Definitivamente, el PIB no es un buen indicador de la calidad de vida o la salud de una sociedad. Sabemos desde hace muchos años que, si bien en las etapas más tempranas del desarrollo económico su impacto es máximo en materia de esperanza de vida y salud, llegado un determinado umbral, su crecimiento deja de ser una variable plenamente explicativa de aspectos relacionados con la calidad de vida. Sin ir más lejos, España será el líder mundial en Esperanza de Vida, y estamos lejos de tener el PIB per cápita de otras sociedades más ricas. El PIB no captura tampoco los efectos distributivos, de manera que nos dice poco de cómo está distribuida la renta y la riqueza en un país. En conclusión, puede ser un indicador necesario, pero no suficiente. Y en muchos casos es contraproducente. 

Muchos esfuerzos se han desarrollado por elaborar indicadores alternativos: el Programa de Naciones Unidas para el Desarrollo planteó hace ahora 30 años el Índice de Desarrollo Humano, que combina aspectos como la educación y la esperanza de vida conjuntamente con la renta per cápita para ofrecer una visión más precisa de la calidad de vida de una sociedad. La OCDE tiene su propio índice de progreso social, denominado “better life index”, en el que incorpora once dimensiones como la vivienda, el empleo, la salud, la satisfacción personal o el equilibrio entre la vida personal y la profesional. Cada uno de ellos nos permite tener una perspectiva más enriquecedora del nivel de desarrollo de una sociedad, con mayor cantidad de matices y una mejor comprensión de su alcance. En 2009, el entonces presidente de Francia, Sarkozy, encomendó a una comisión de economistas -dos de ellos los premios Nobel Amartya Sen y Joseph Stiglitz- la elaboración de nuevas alternativas de medición del progreso económico y social, dando lugar a un extenso e interesantísimo informe en el que recomendaban abandonar la visión de efecto túnel de medir únicamente variables basadas en transacciones monetarias -consumo, inversión- para acceder a un set más complejo y multidimensional de medición del desarrollo.

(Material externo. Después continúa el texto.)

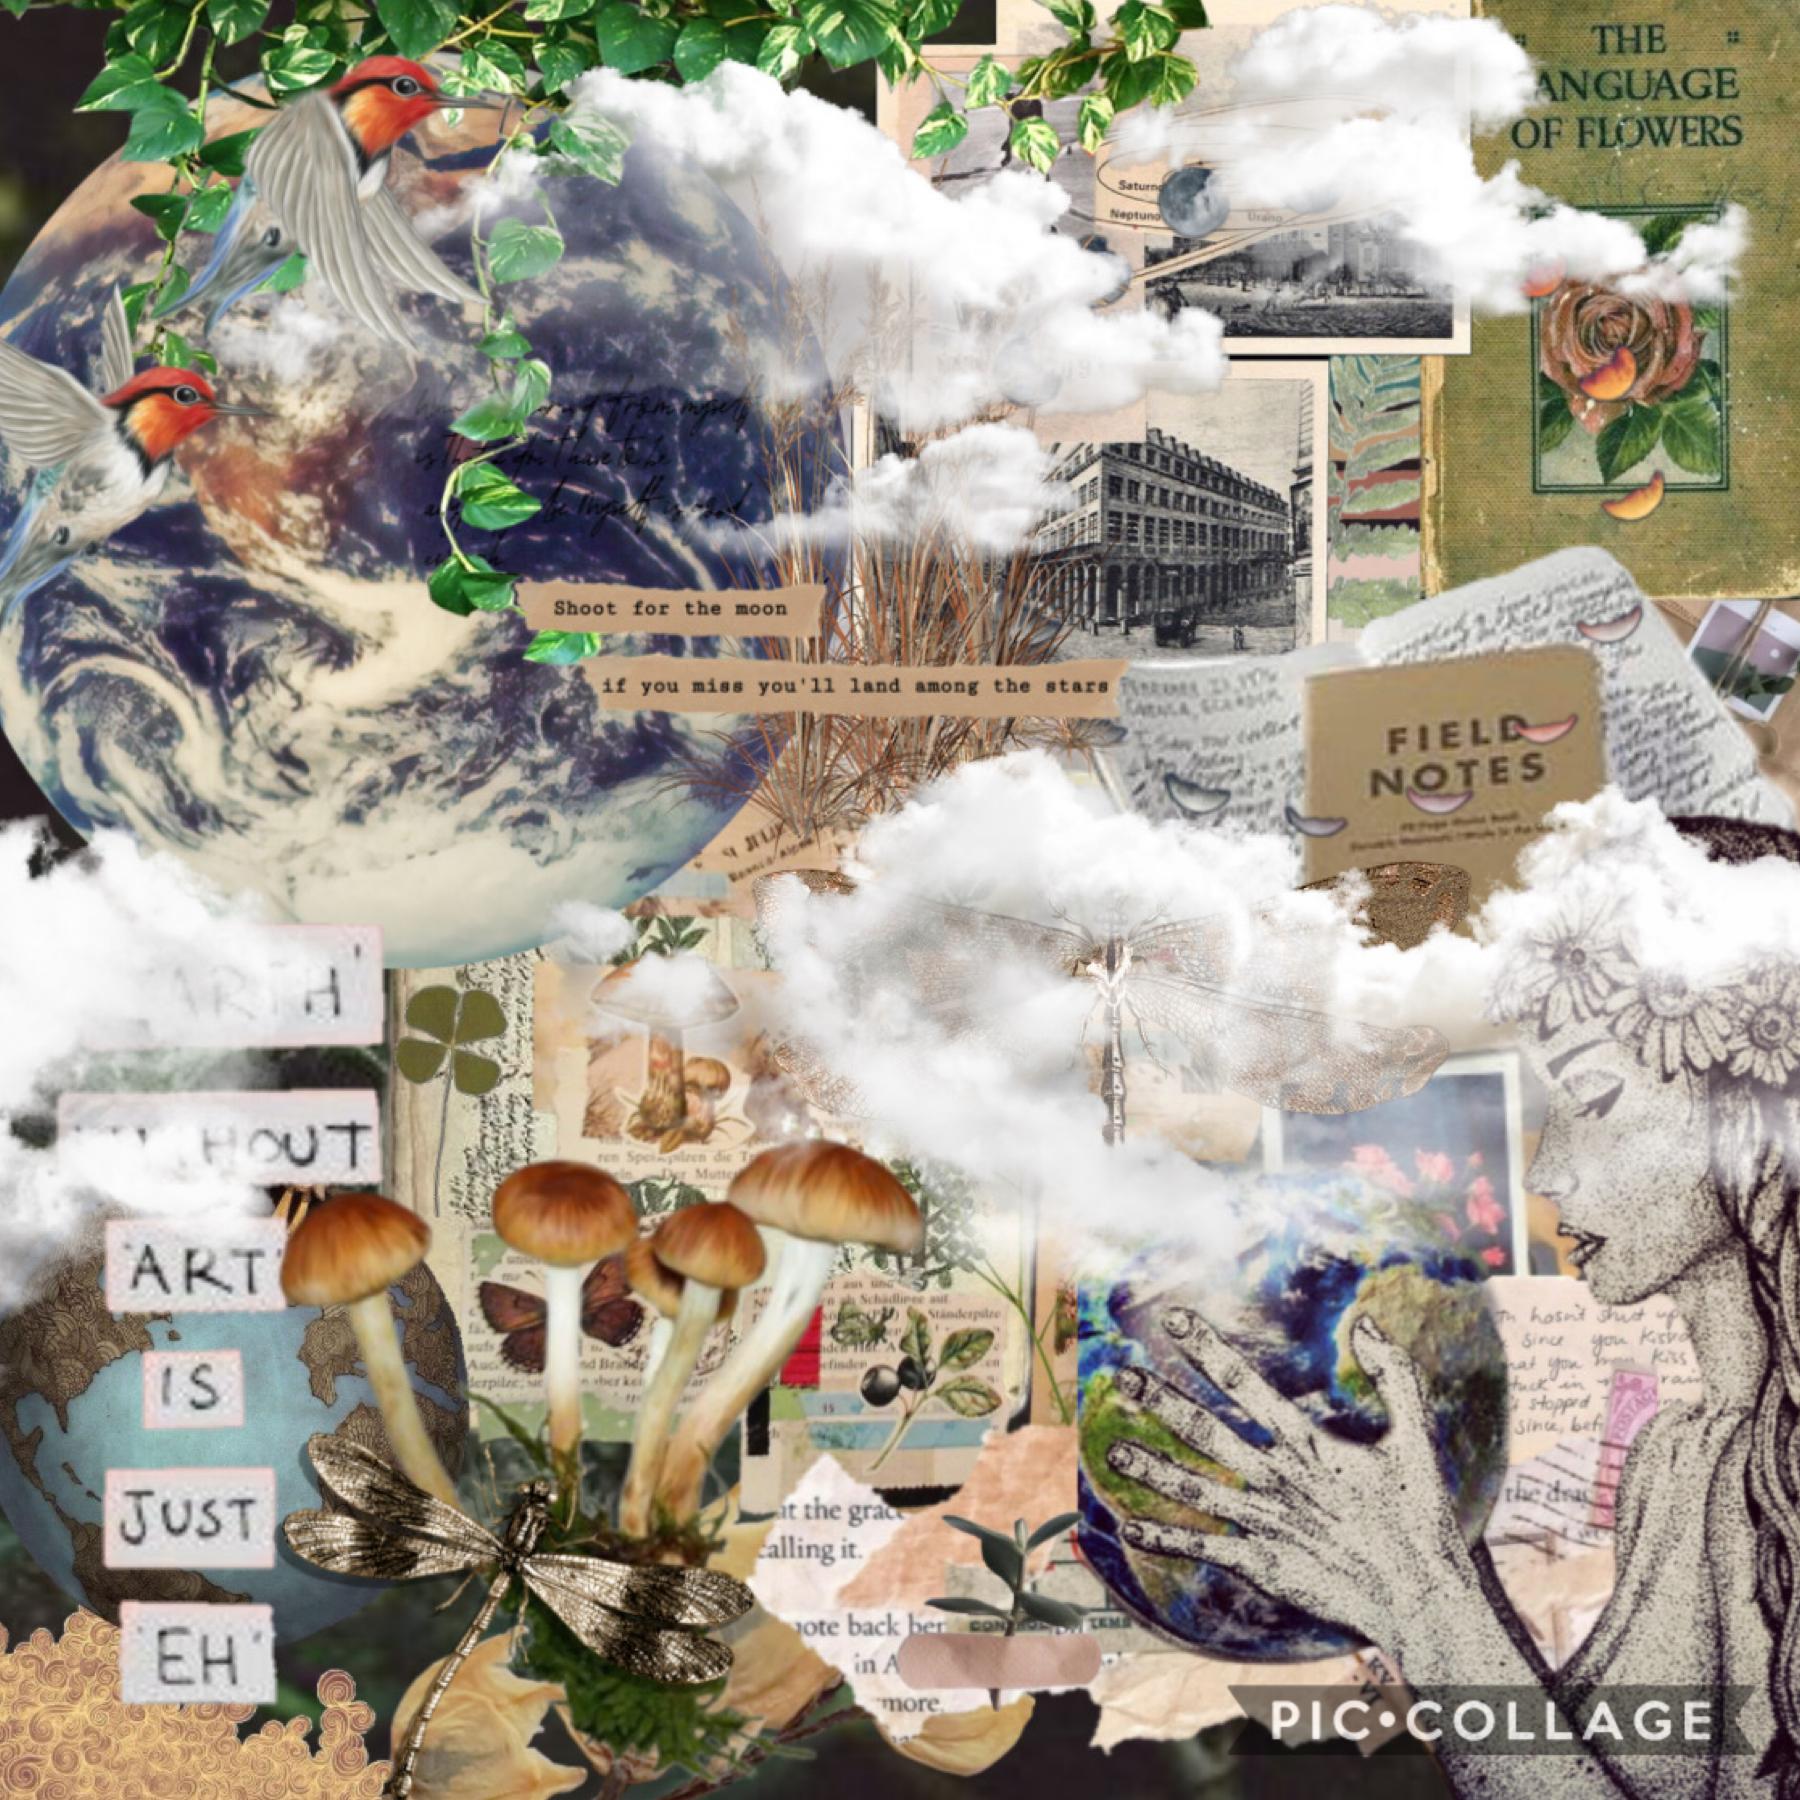 🌎Happy earth day 🌍 (click)

This collage is kind of all over the place but that’s fine

La incorporación de estos indicadores podría enriquecer la gestión de la política económica, que no debe centrarse únicamente en la promoción del crecimiento del PIB. Pero a fecha de hoy no pueden sustituir su papel. Puede que, llegado un determinado umbral, el PIB deje de ser el factor explicativo fundamental de la calidad de vida de una sociedad. Pero como indicador de coyuntura económica, a fecha de hoy es insustituible. Si el PIB crece, es muy probable que crezca el empleo. Y si el PIB cae, es también muy probable que el empleo decrezca, con independencia de que el Índice de Desarrollo Humano, por ejemplo, sufra muy pocas variaciones. La medición del progreso económico y social de nuestras economías debe sin duda complejizarse y utilizar nuevas herramientas que perciban con mayor precisión la situación socioeconómica de la población. Los Objetivos de Desarrollo Sostenible ofrecen una guía bastante detallada sobre los que debemos medir, por ejemplo. Pero a fecha de hoy, el uso del PIB es imprescindible para determinar la política económica, al menos a corto plazo. El reto es cómo articular un marco de políticas que permita una adecuada gestión de la coyuntura trimestral con un modelo de sociedad en la que el crecimiento económico medido a través del PIB ya ni puede ni debe ocupar el papel que ocupa en la actualidad. Y no hay respuestas fáciles.